# How to stop minpin from snapping?



## lovefaithope2 (May 23, 2009)

How do I stop my new minpin puppy (16wks) from snapping? He snaps whenever I go to pick him up and he isn't ready to quit playing. He snaps at me and my husband. He has actually bitten my husband, but not hard. We just want to know how to take care of this early and appropriately. Any suggestions from more experienced dog owners? Thanks


----------



## RRM_Mom08 (May 5, 2008)

wow just wow....Where did you get this puppy from ?


----------



## Willowy (Dec 10, 2007)

Is he really snapping/biting aggressively, or is it normal puppy nipping? I would say that if he's showing true aggression at this age, you should contact a qualified behaviorist. But puppy nipping is very normal and he should outgrow it if you are consistent in his training.


----------



## RRM_Mom08 (May 5, 2008)

While I agree a playful mouthing in a pup is normal ...but this sounds like more then that and honestly with all the puppies I have bred,fostered and rescued we have never had a puppy snap at us.Maybe we have been very lucky and blessed..??


----------



## Willowy (Dec 10, 2007)

Yeah, but one person's "snapping" is another person's "nipping"......I wonder if the pup is TRULY aggressive?


----------



## lovefaithope2 (May 23, 2009)

Our puppy is truly snapping, not just puppy nipping or mouthing. We are going to the vet for routine check up tomorrow, and I am going to ask him about it as well. I will post what my vet says. Oh, and I got this puppy from a local lady that breeds them.


----------



## HORSEandHOUND (May 28, 2009)

lovefaithope2 said:


> Our puppy is truly snapping, not just puppy nipping or mouthing. We are going to the vet for routine check up tomorrow, and I am going to ask him about it as well. I will post what my vet says. Oh, and I got this puppy from a local lady that breeds them.


i am glad that you are taking initiative on this serious matter. If I were in your shoes, i would notify the breeder, contact the vet (good work!), and get a referral for a doggy behaviorist. In all honesty if it were me and i wasnt terribly attached to her yet i'd send her back to the breeder and get a refund.

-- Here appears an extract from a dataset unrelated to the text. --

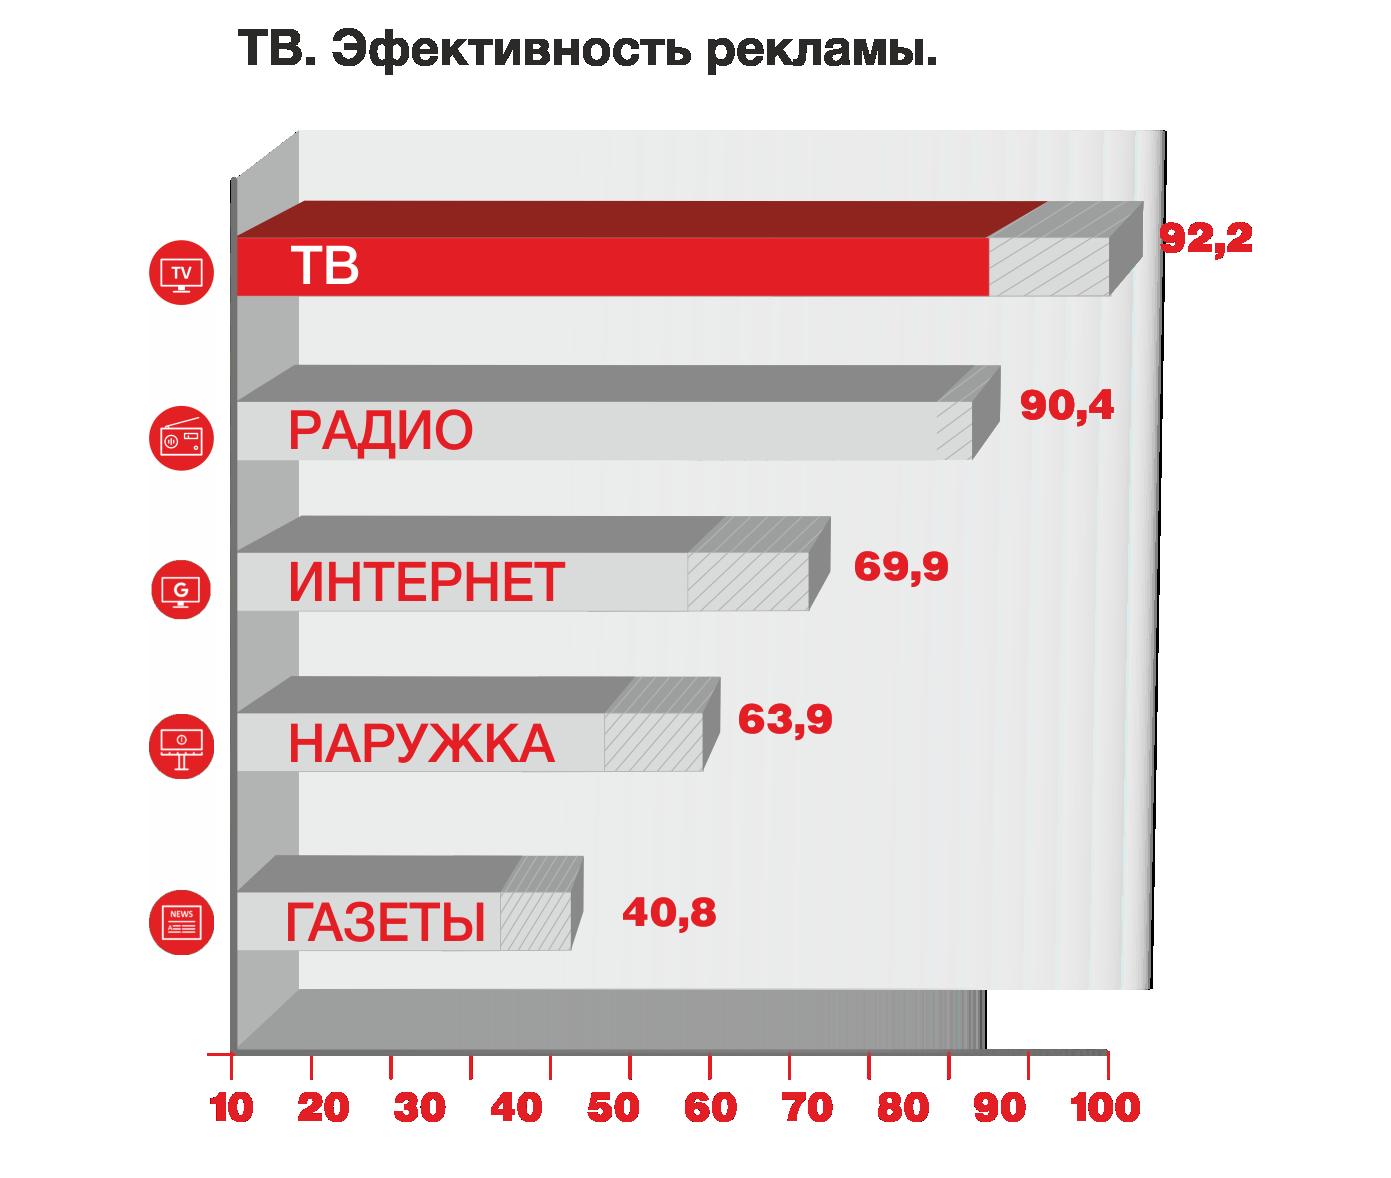 Бесплатная реклама на сайтах челябинска как рекламировать сайт в яндексе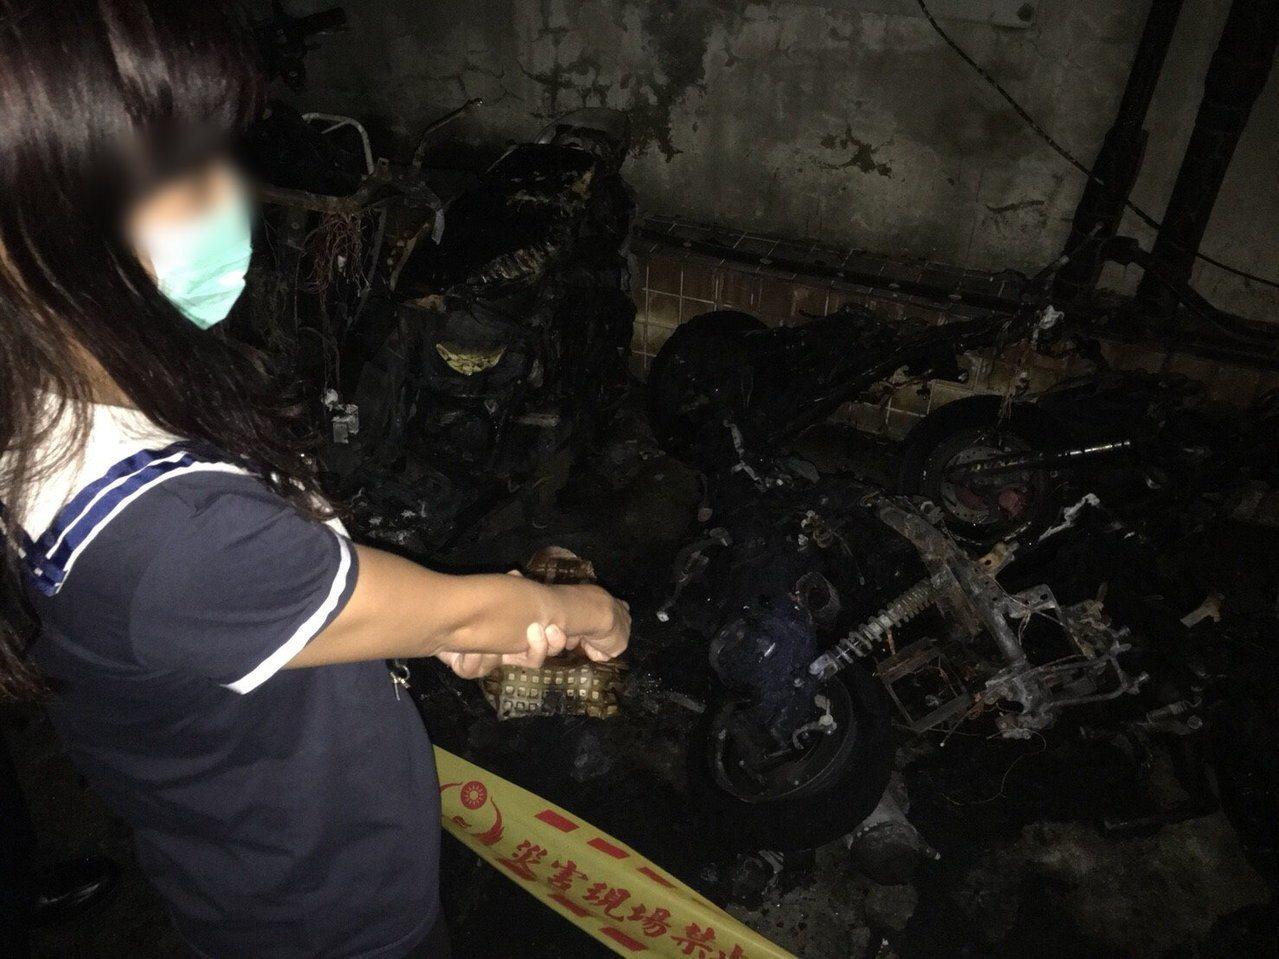 女子黃瓊慧和女兒借錢不成,心情不好縱火燒毀機車。本報資料照片,記者陳雕文/翻攝

I wouldnt risk having a dog that bitey in my home; its all you need for her to bite someone when you are walking her one day and get sued. 
i've actually witnessed a min pin so aggressive that she strangled herself until she passed out at the end or a lead trying to attack a human. I later learned that this is sadly a characteristic seen in poorly bred min pins. 
best of luck to you, sincerely hope you can find a good solution with a positive outcome.


----------



## RRM_Mom08 (May 5, 2008)

ditto to the above... I would contact the breeder and probely return her (this is just my opnion as I have children and will not tolerate any type of aggression)


----------



## lovefaithope2 (May 23, 2009)

UPDATE-
I took my minpin to the vet for checkup on Tuesday. He said that minpins were a "hyper breed" and that it can be common for some puppy snapping, but he thinks that with some obediance training and good leadership on my part that he will grow out of it and be fine. He didn't think that my puppy had any real problem with aggression. He (the vet) handled him all over and gave him a clean bill of health and puppy check up. I am reading a book on small breed puppy training and working with Spike, my minpin, and he is already improving his behavior. I have high hopes for him. Thanks for all the above comments and input. I don't have any children, yet, so will see how puppy does.


----------